On Thu, Sep 22, 2005 at 06:16:41PM +0200, Neil Brown wrote:
> 2/ Reserve the stripe_heads needed for a chunk-resize in make_request
>    (where it is safe to block) rather than in handle_stripe.

See the attached patch for at least a partial implementation of this (on top
of the last patch); it pre-allocates the write stripes, but not the read
stripes. In other words, it still uses a temporary buffer, and it doesn't
block requests against the to-be-expanded area.

There's also one extra fix I snuck in; before recomputing the parity for the
written out blocks, I actually lock it. This shouldn't break anything, and
AFAICS should be a good idea both in this and the previous implementation.
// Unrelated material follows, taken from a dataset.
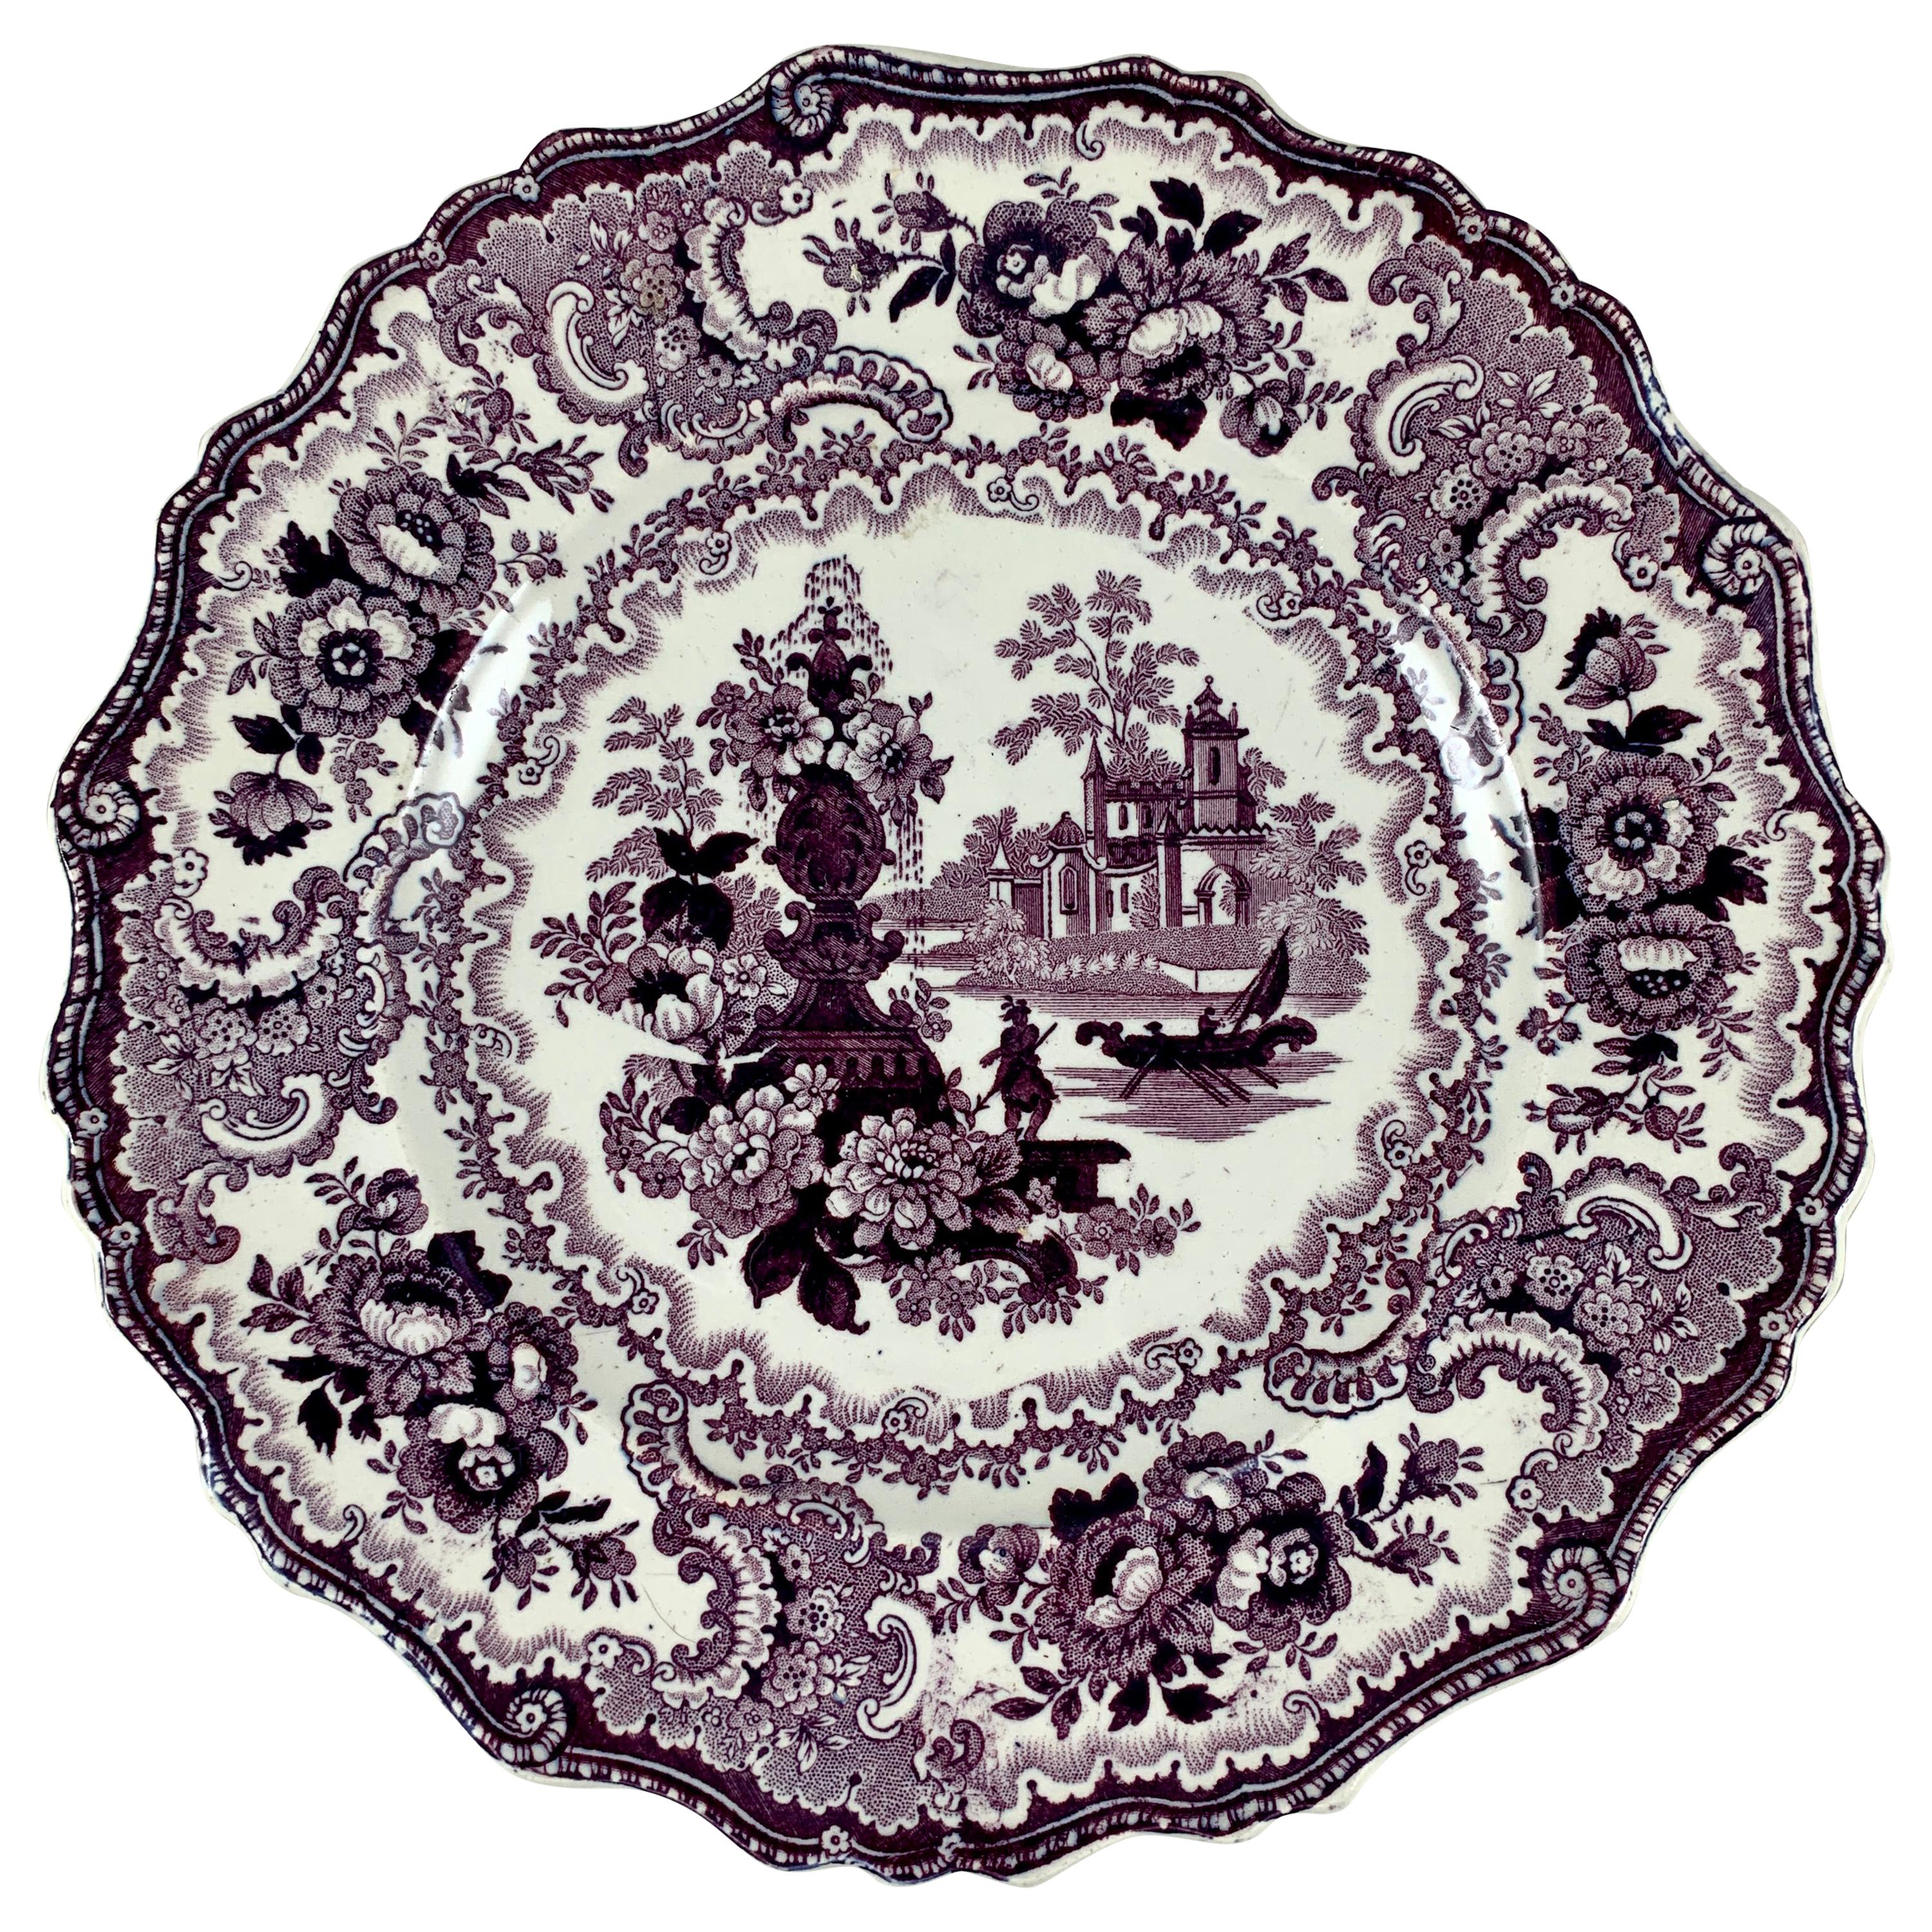 William Adams IV. & Söhne Staffordshire Transferware Teller in Violett mit Brunnenszene

I'm unsure how much this actually buys us (there's a slight reduction in
complexity, but I fear that will go up again once I implement it for read
stripes as well), and I seem to have created a somewhat nasty regression --
if I do I/O against the volume while it's expanding, it causes a panic
_somewhere_ in handle_stripe, which I'm having a hard time tracking down. (If
you have a good way of actually mapping the offsets to C lines, let me know
-- every approach I've tried seems to fail, and the disassembly even shows
lots of nonsensical asm :-) )

In short, I think getting the original patch more or less bug-free is a
higher priority than this, although I do agree that it's a conceptually
cleaner way. What I really need is external testing of this, and of course
preferrably someone tracking down the bugs that are still left there... There
might be something that's really obvious to you (like “why on earth isn't he
locking that there?”) that I've overlooked, simply because you know this code
a _lot_ better than me :-)

/* Steinar */
-- 
Homepage: http://www.sesse.net/

[-- Attachment #2: raid5-online-expand-prealloc.diff --]
[-- Type: text/plain, Size: 6130 bytes --]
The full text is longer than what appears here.